I love married life and look forward to the life ahead of us. I hope that we leave a legacy in our kids' lives of a happy, godly marriage.

Sunday, January 3, 2010

Blue Sweater and Hot Coco

 Today I wore a blue wool sweater that was my mom's. She wore it when she skied the mountains in Northern California. She was quite the athlete. As I type this, I am enjoying a hot chocolate with a mound of glorious whipped cream. It just seems to fit, this sweater and hot coco. It has been bitter cold here the past few days and this sweater is keeping me nice and warm. Except for when I vacuumed, it was a little too warm. Today we cleaned house and it feels good. What is it about seeing that freshly dusted sheen on my wood coffee table that makes me giddy?

One of our 2010 goals as a couple is to do a Bible study together. It was something that we started off doing when we first got married but it somehow drifted out of our days. I notice the difference in both of us when we are consistently in the word and it is so wonderful to share it together. Today was our first day getting back into it and I think we can do this. We have a plan. Our goal is to read the Bible in a year. A pastor from our home church created a schedule to read the Bible in 365 days and this is going to be our reading schedule. We also have a designated time that we will read. It is scheduled into our day and we both know when to expect it. We settled on reading after dinner every evening. This was decided for a few reasons. The first is that we are already together and have both had time to settle down from the busyness of the day. Also, we won't have to rush off to do anything so we can take our time reading, discussing and praying. I am so excited. How do you do your Bible study?

Lord, I desire that we would grow closer to You and to each other through the study of Your word. Create in us a thirst to dive into Your word daily. Open our eyes, minds, and hearts and soften our spirits to be lead by Yours. Bless us in these efforts. Amen.

Friday, January 1, 2010

The First Brave Step

For some time now one of my guilty pleasures has been reading blogs, particularly mommy blogs and foodie blogs. Through these blogs, I see women striving to glorify God in the every day things of being mothers, home managers, cooks, etc. Though I am not a mother, I some day hope to be one. I am a newly wed who is first a daughter of God. I have yearned to write a blog for months now. I've hesitated, feared, and avoided it. Here is a journaled prayer that I wrote some time ago that can explain my heart for this little endeavor.

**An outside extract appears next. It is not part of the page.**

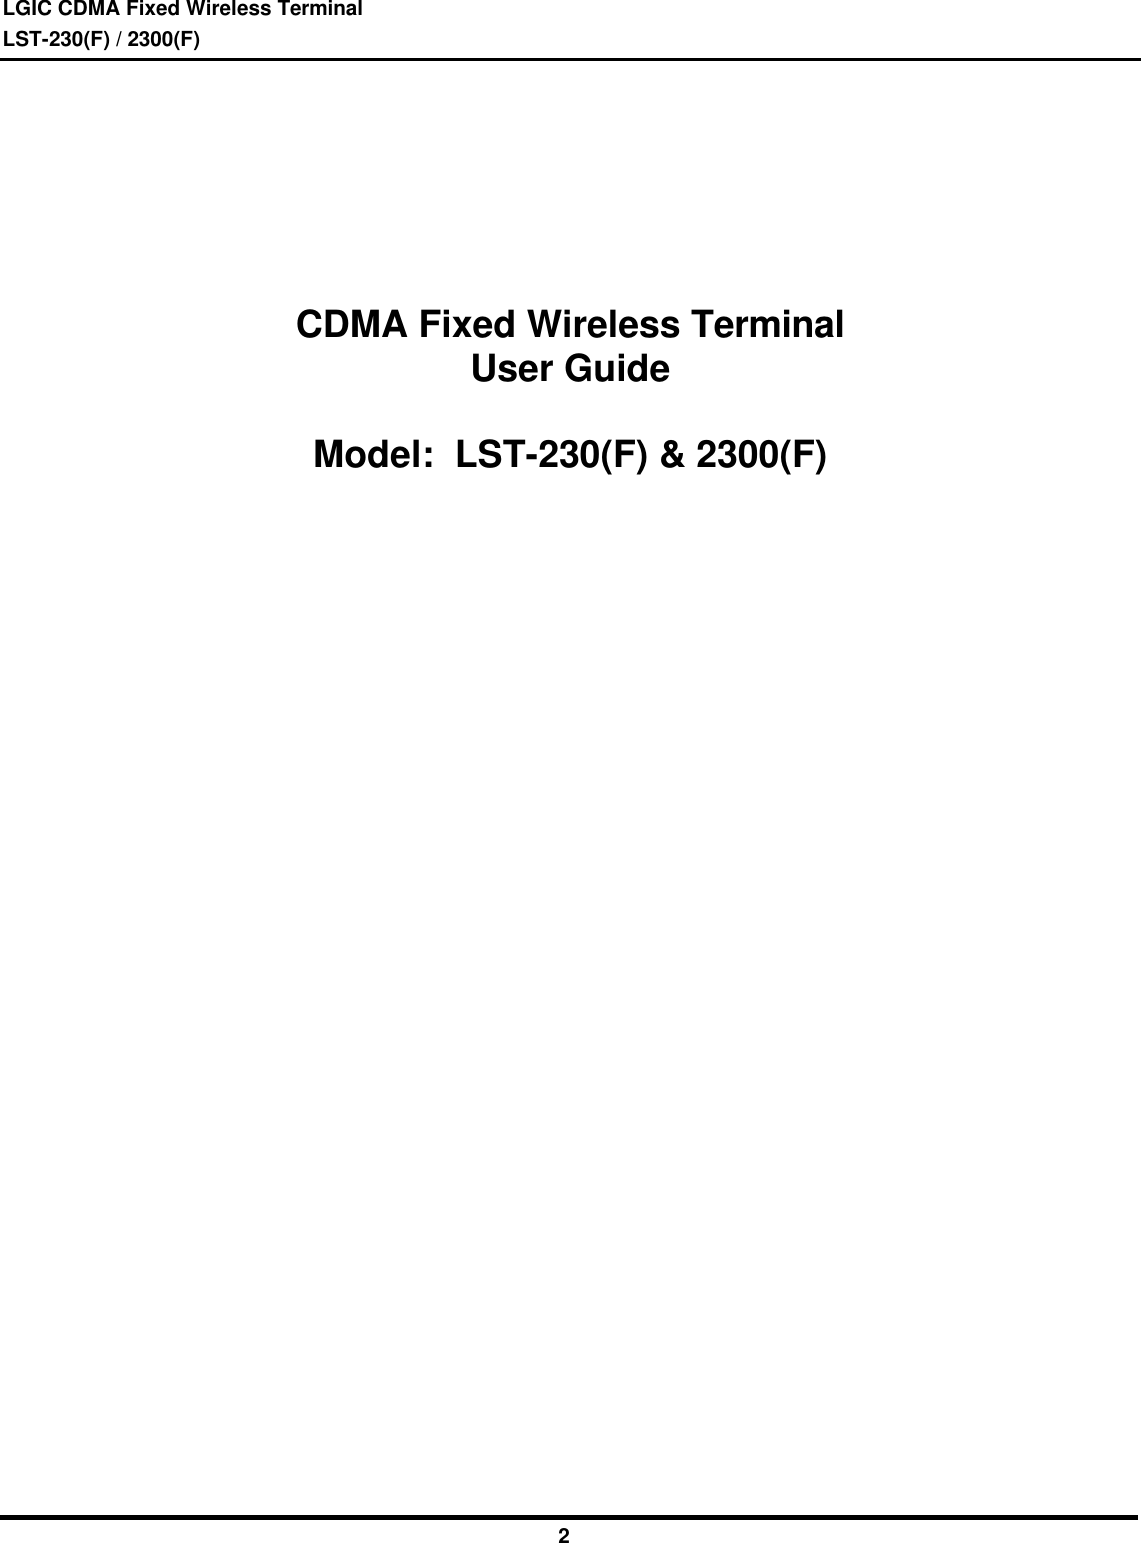 LGIC CDMA Fixed Wireless TerminalLST-230(F) / 2300(F)2CDMA Fixed Wireless TerminalUser GuideModel:  LST-230(F) &amp; 2300(F)

Oh Lord, I want to write! To express my heart, the good and the bad, to flush it out and explore the depths that feel untouched but present. How to do that? It is scary - what if it is a cliché, been there done that, repetitive attempt that is lack luster and lacks adventure, wit, and joy? So concerned with what others will think… I hate that. Scared to put myself out there. 
I am a dreamer, afraid to get in the game, I don’t want to fail. Pride, oh sickly pride, has infested me and conquered. God, I cry out for freedom, the freedom that You offer. To be humble and to live life knowing that You’ve got my back, that no step that I take goes unnoticed and unprotected by You. That knowledge provides so much comfort.
Provide a way to glorify You in it. I pray that it would be a blog, an opportunity, for me to draw closer to You, to discover myself and to enjoy this life You have for me. I pray that it points to You in a way that opens the eyes of the hearts of readers, that it would encourage them to seize the life You’ve given them. That seems kinda lofty, I am not sure if I can do this. Help me, God, and may it all go to You.


This is the first brave step. There will be more to come.